Oops, sorry, forgot to sign! UnHoly 03:39, 14 Feb 2005 (UTC)
Why is N=# of humans?
There seems to be some people who intensely studied this argument here, so I have a question. Why is it that N was chosen to be the number of humans? For example, I could make the same argument by using N as the numebr of year since humanity has been discovered, and I will get a different results because the number of humans who ever lived is not linear in time.
In fact, I could also make the same argument using a totally arbitrary variable. For example, I could say that N is the total number of humans who ever lived, weighted by close in time from the dawn of humanity they were born. Then present-day human would contribute for next to nothing to N.
My point is, prior to computing the probability, one should be convinced that the method will yield a probability that has meaning. In this case, there should be an argument that applying this formula yields an estimate for the lifetime of humanity, and that N should be taken to be the number of humans. I am not convinced.
UnHoly 01:05, 6 Feb 2005 (UTC)
I'm beginning to think that there is a problem with the argument when applied to the human race. It seems to make the tacit assumption that the eventual chronologically ordered list of all the human beings ever to live could have had a different order. This is not possible. If I swapped places with one of my ancestors so that I was born in his time and place and he in mine then I would *be* him and vice-versa - there would be no change. If one cannot cannot consider such permutations as possible then I think that one cannot argue that one is equally likely to find oneself at any particular position n.
Normally one would say that given that there will be N humans then there are N! (i.e.
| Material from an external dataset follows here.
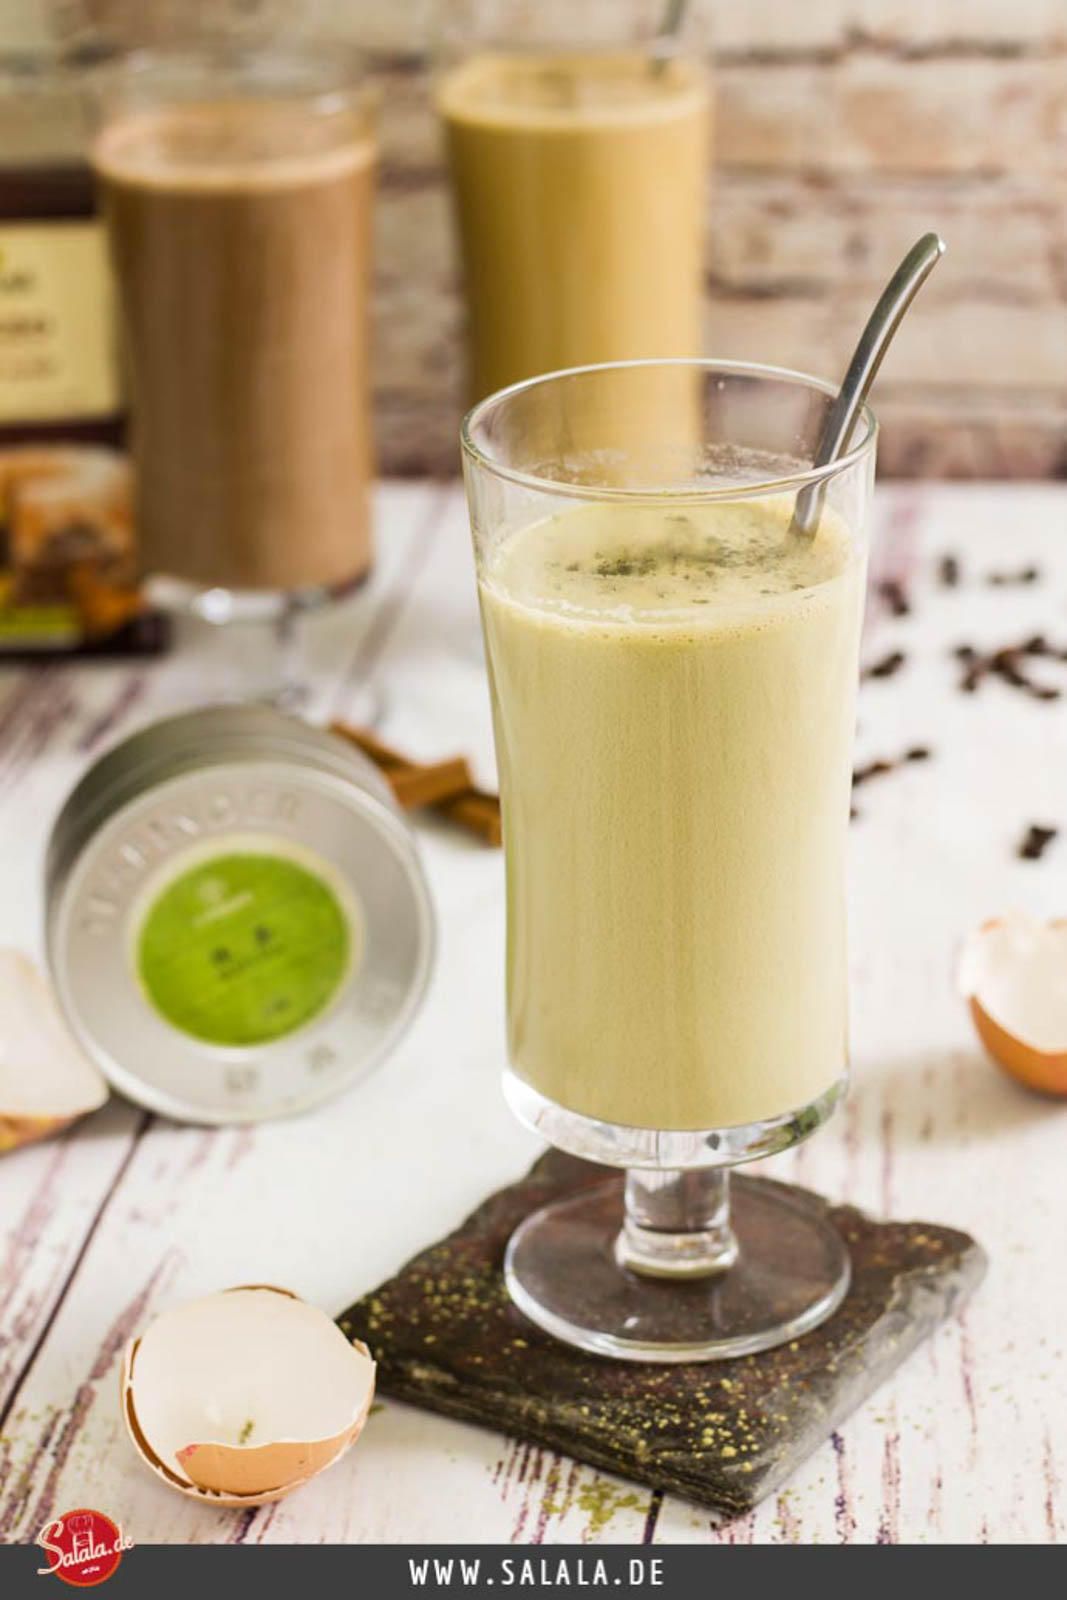 Keto Matcha Drink zum Frühstück ohne Milch und ohne Zucker #frühstück #lowcarbfrühstück #lowcarb #lowcarbrezepte #keto #ketorecipes #drinks #lowcarbgetränk #ohnezucker #sugarfree #milkfree #milchfrei

N * N-1 * N-2 * ... * 3 * 2 * 1) ways that such a list of humans could be ordered. If we assume that we are at any position n then there are (N-1)! ways in which the other humans could be placed around us consistent with us remaining at position n,. Thus the probability that we are at any position n is given by (N-1)! / N! = 1/N i.e. that, a priori, we are equally likely to be at any position n within the list. But if it is not possible to permute a set of humans along a timeline then we can't derive this uniform prior probability distribution for our position. Without this uniform distribution the argument can't get off the ground.
John Eastmond 17:15, 14 Feb 2005 (UTC)
Well, I am not sure this answers my question, but it touches some of the same points.For exmaple, if you take N to be the lifetime of humanity, it is an ordered set (1881 is not 1534), while if you take N to be the number of humans it is not an ordered set. Then both these possibilities would yield different answers, while they should be the same, since there is a perfect correlation between the number of humans and the numebr of years (we know how many humans were born every year).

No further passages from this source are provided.